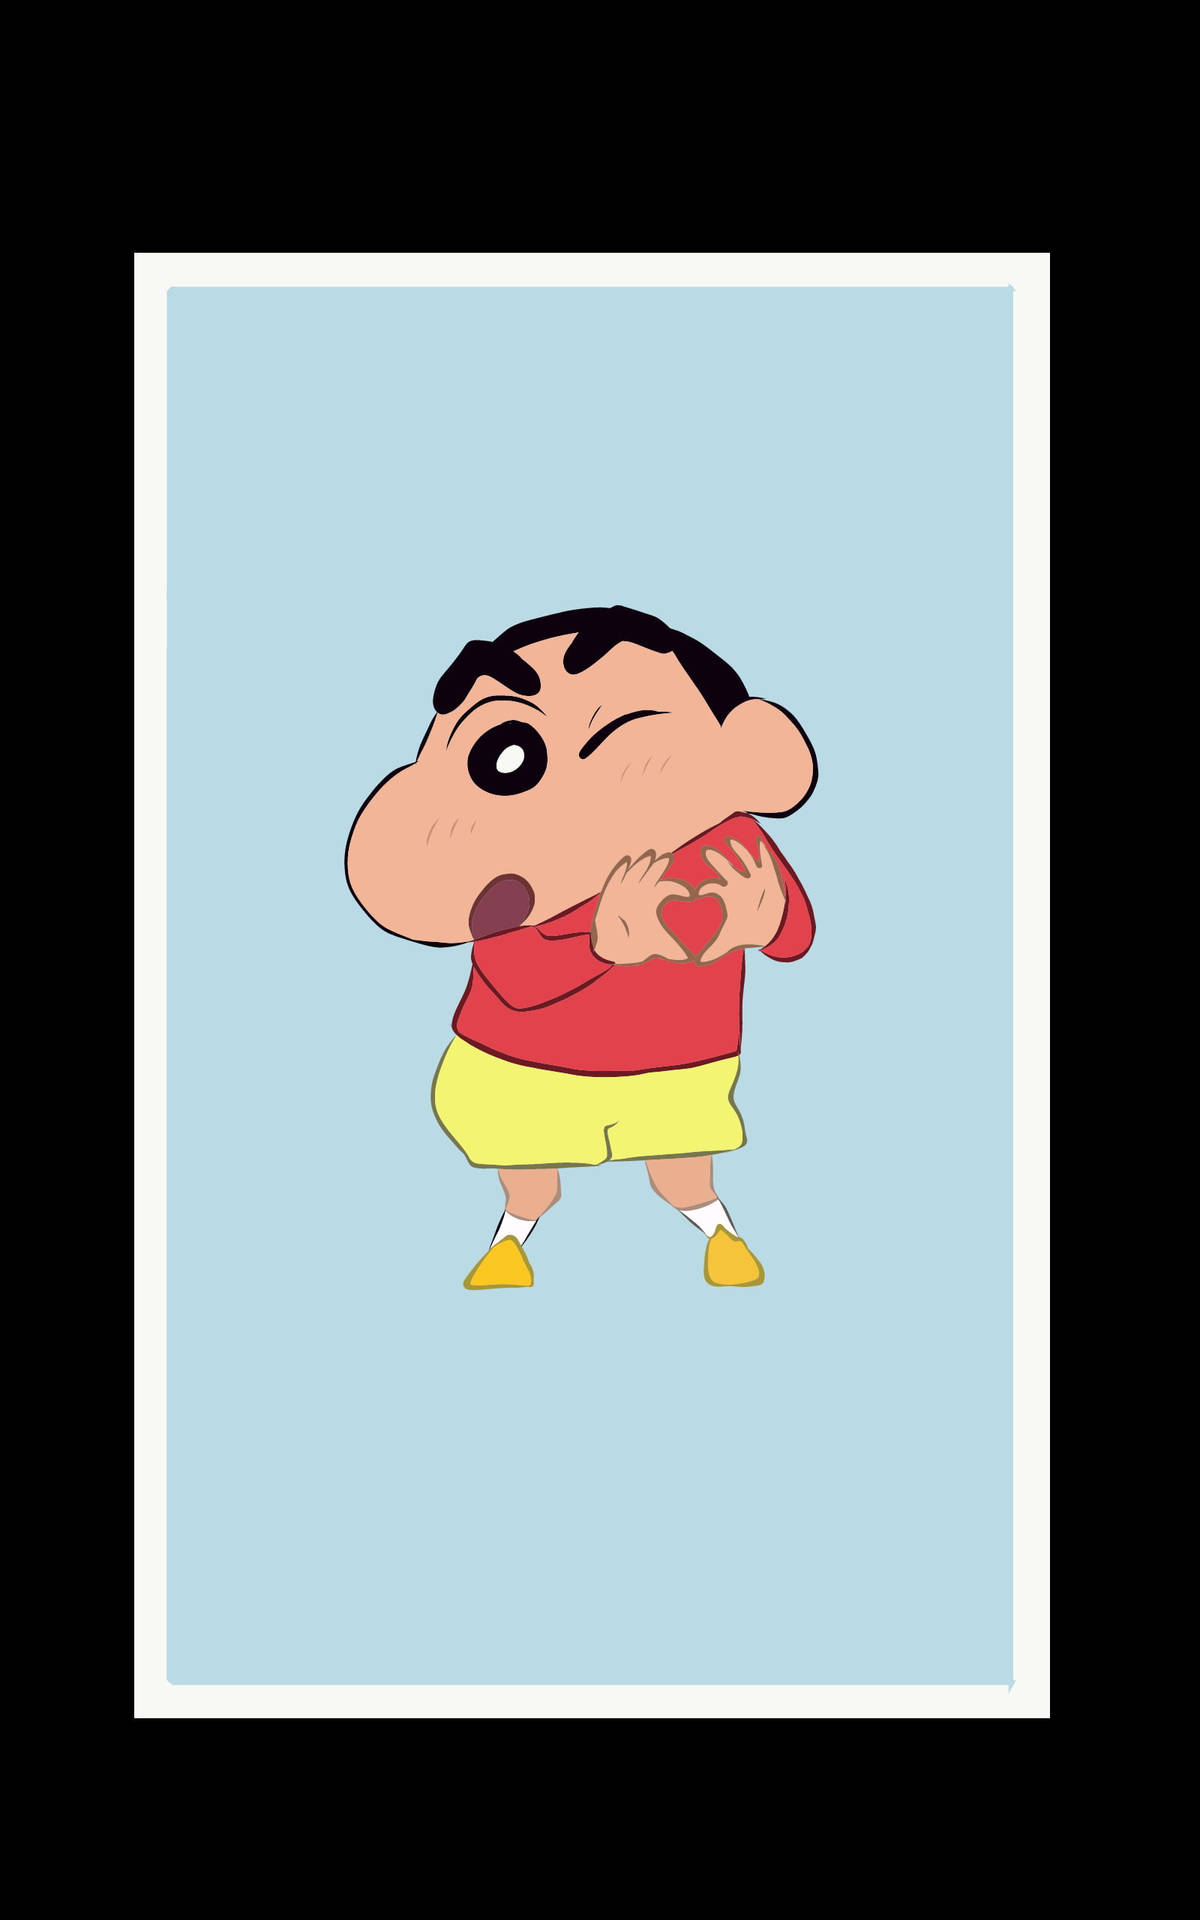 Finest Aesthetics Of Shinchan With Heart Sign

* * *

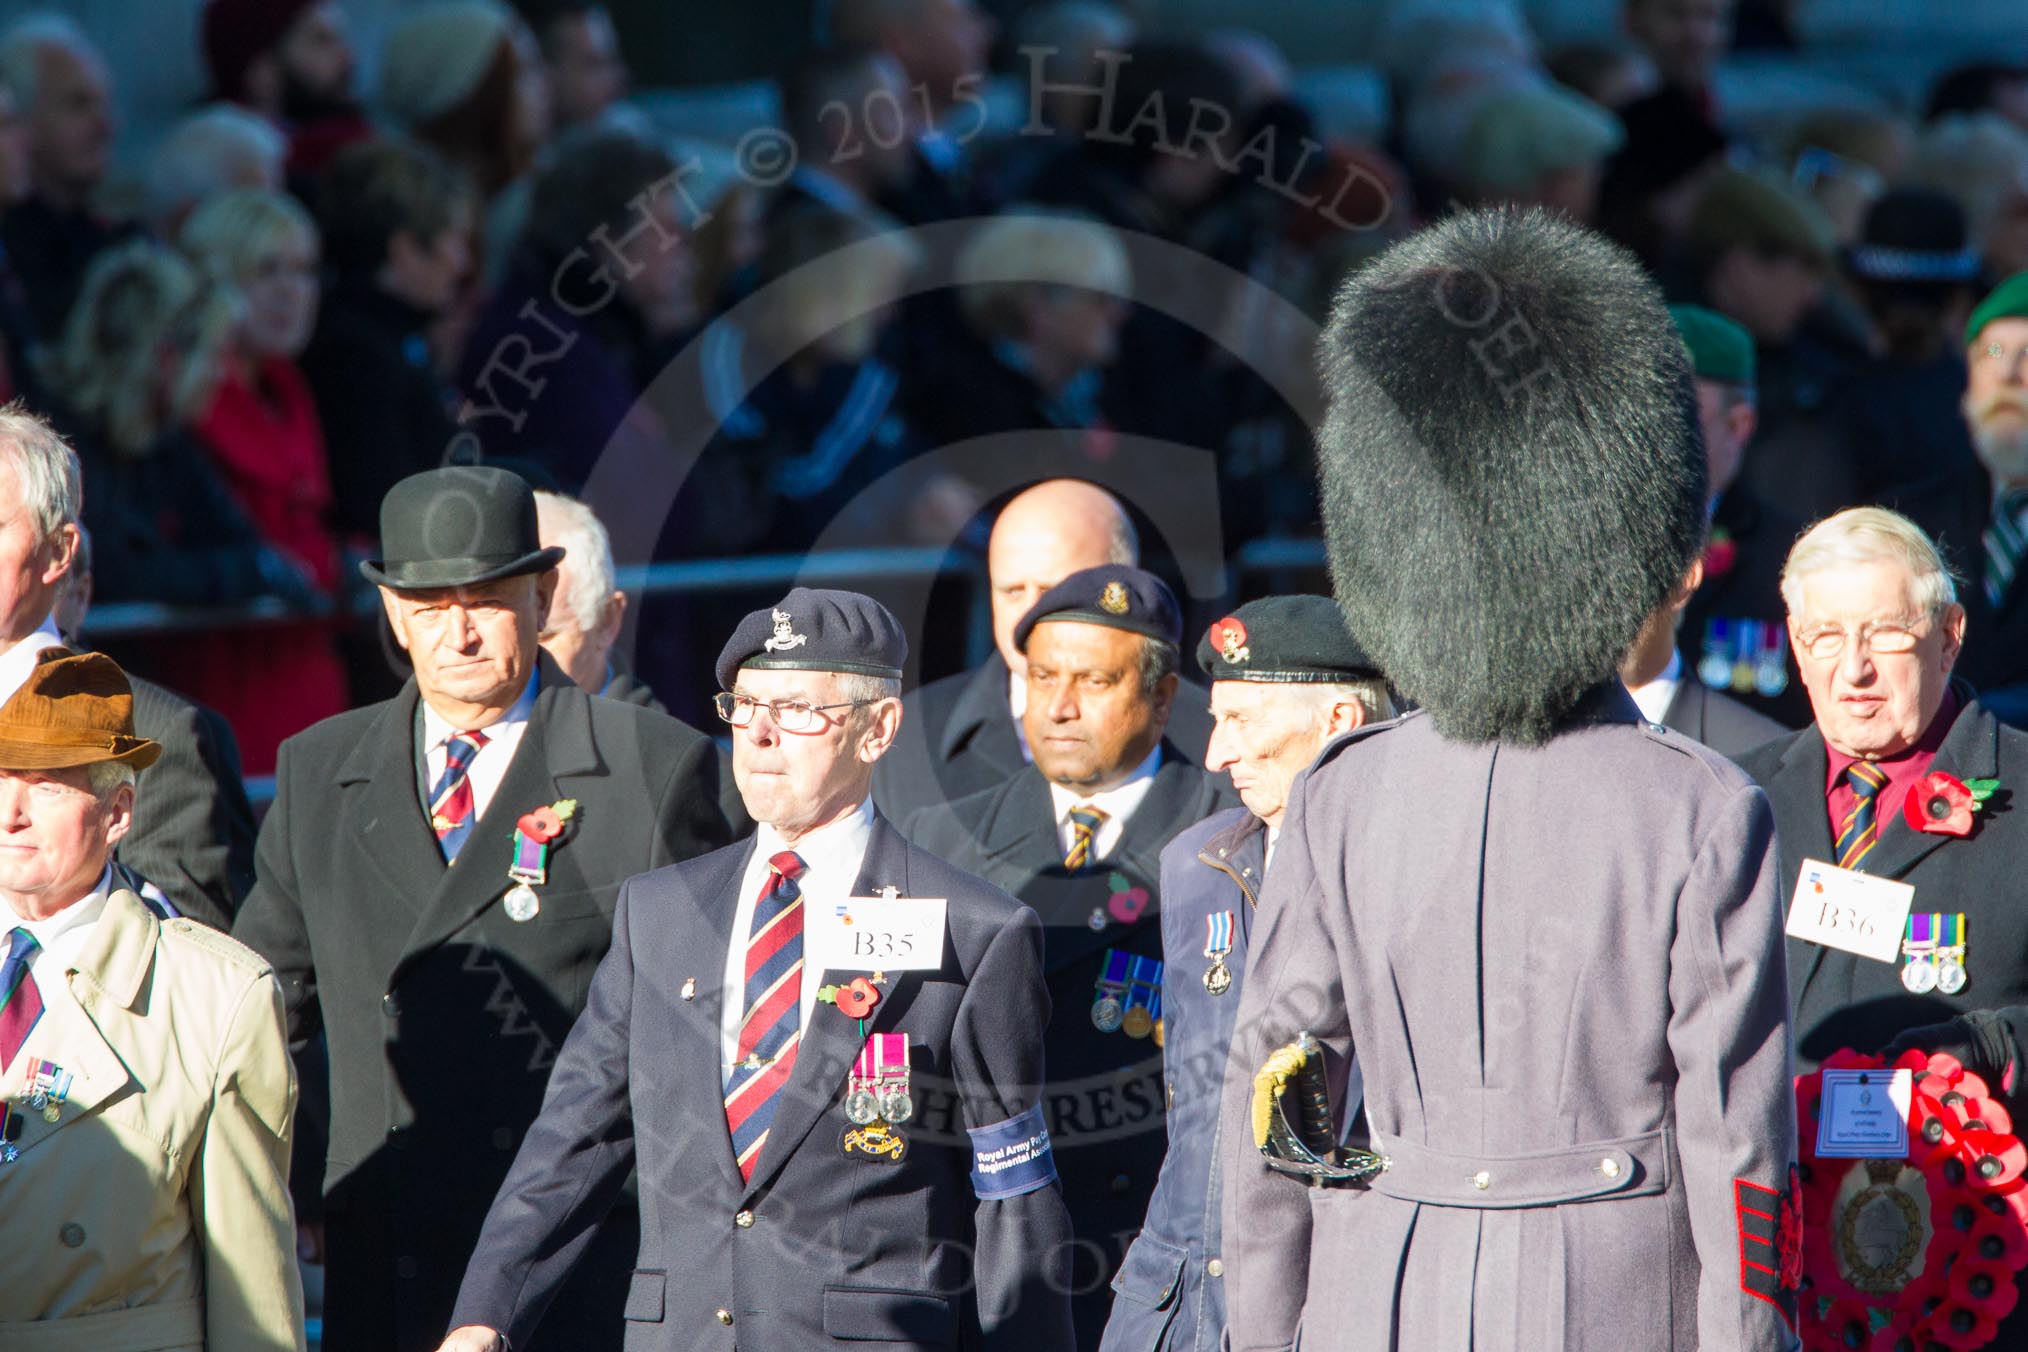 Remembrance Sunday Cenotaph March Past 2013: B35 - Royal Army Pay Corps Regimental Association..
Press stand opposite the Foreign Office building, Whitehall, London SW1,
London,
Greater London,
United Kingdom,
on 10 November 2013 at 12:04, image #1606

Assignment
Considering each line of the material above, count those with the word "London" and give only the number.

Exercise solution
3